◆ **Task**:
The expected result is an exact copy of the lines from the one holding "Dartford, Kent, UK." to the last line of the material, with pictures removed and nothing added.

◆ **Recorded data**:
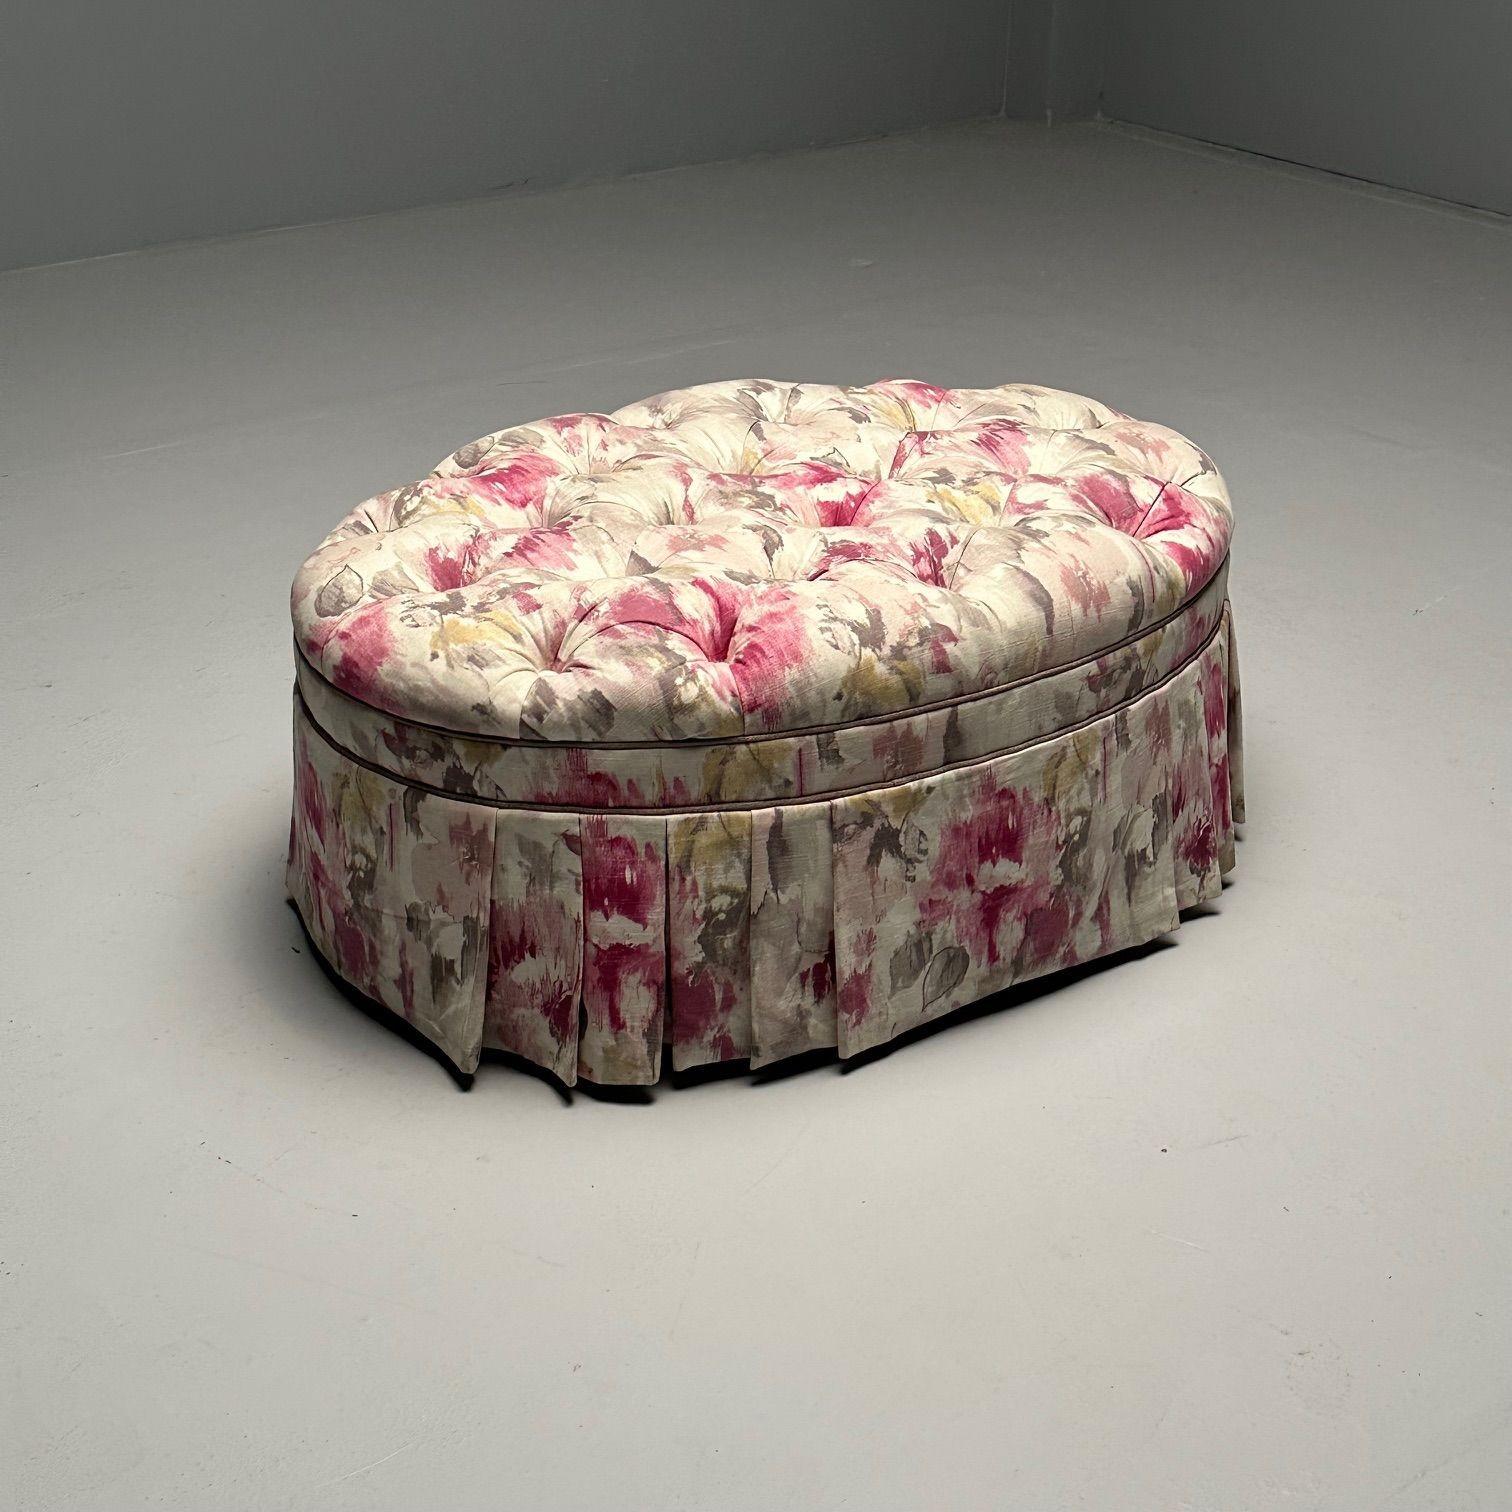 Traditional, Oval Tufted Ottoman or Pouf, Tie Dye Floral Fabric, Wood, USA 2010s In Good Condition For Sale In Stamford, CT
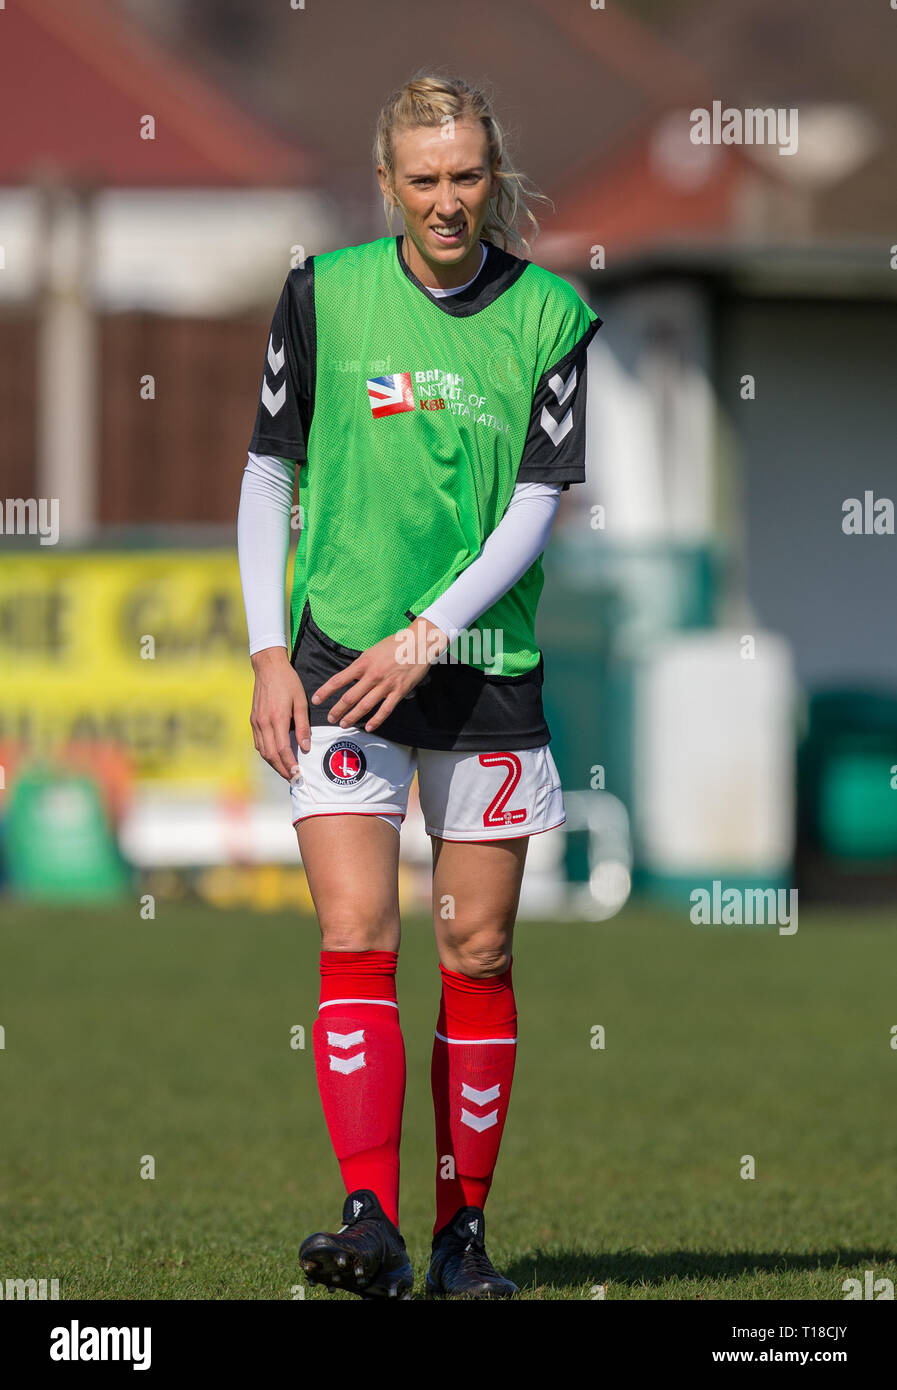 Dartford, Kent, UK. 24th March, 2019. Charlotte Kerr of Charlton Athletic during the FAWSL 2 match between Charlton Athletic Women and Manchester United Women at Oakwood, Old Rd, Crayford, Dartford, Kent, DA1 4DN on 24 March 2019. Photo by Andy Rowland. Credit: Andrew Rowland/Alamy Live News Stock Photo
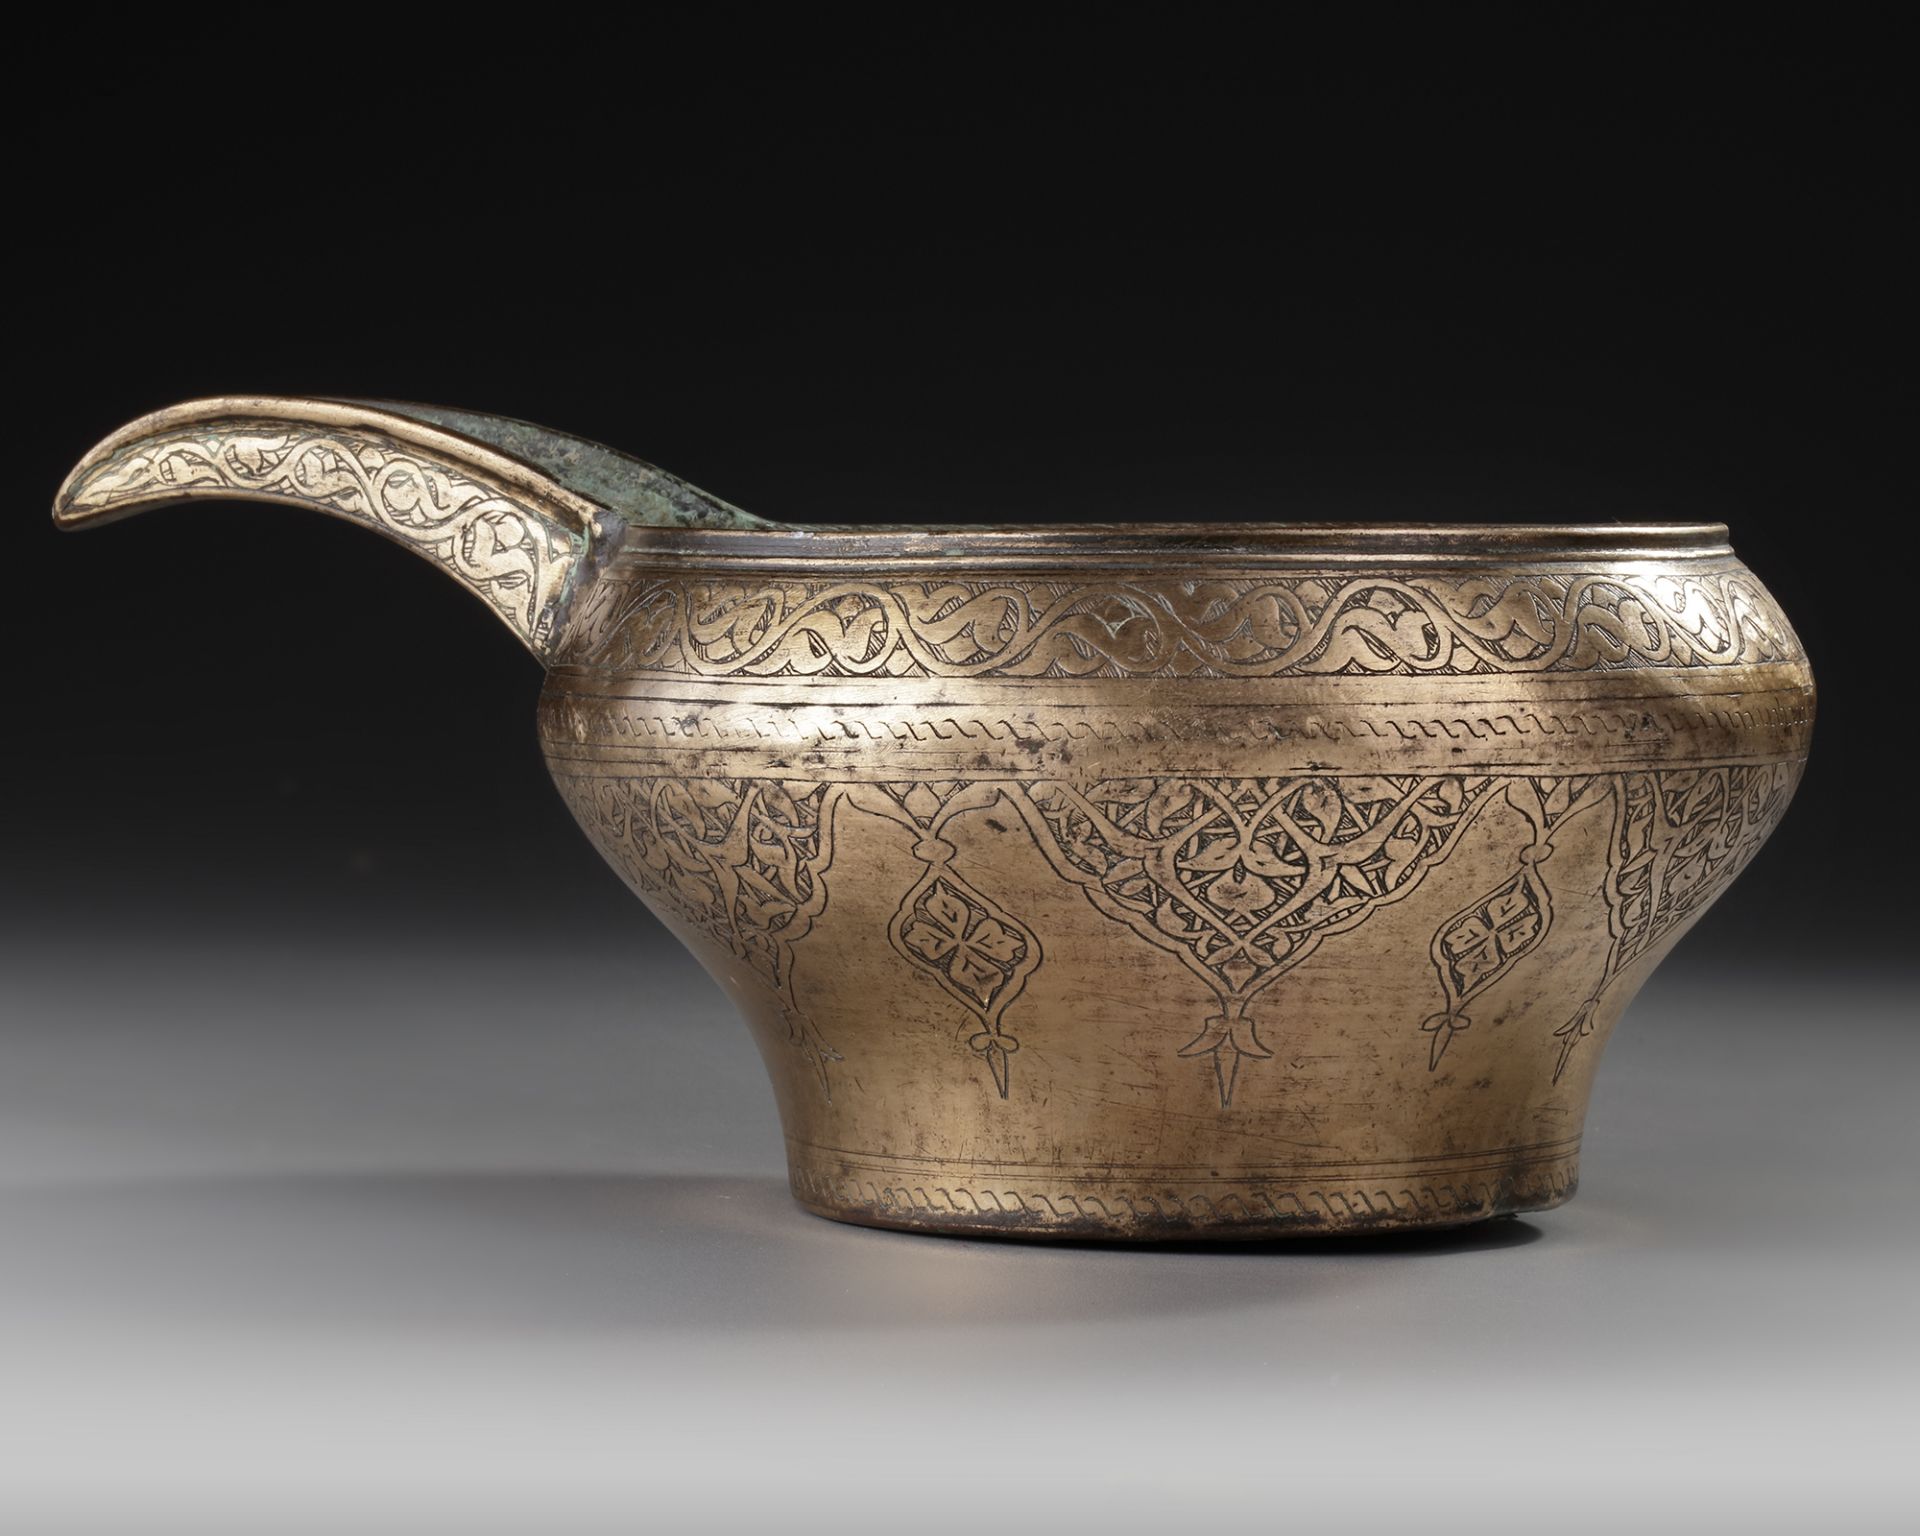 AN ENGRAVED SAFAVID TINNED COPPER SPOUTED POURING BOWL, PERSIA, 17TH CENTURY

◆ **Result**:
 Dartford, Kent, UK. 24th March, 2019. Charlotte Kerr of Charlton Athletic during the FAWSL 2 match between Charlton Athletic Women and Manchester United Women at Oakwood, Old Rd, Crayford, Dartford, Kent, DA1 4DN on 24 March 2019. Photo by Andy Rowland. Credit: Andrew Rowland/Alamy Live News Stock Photo
 AN ENGRAVED SAFAVID TINNED COPPER SPOUTED POURING BOWL, PERSIA, 17TH CENTURY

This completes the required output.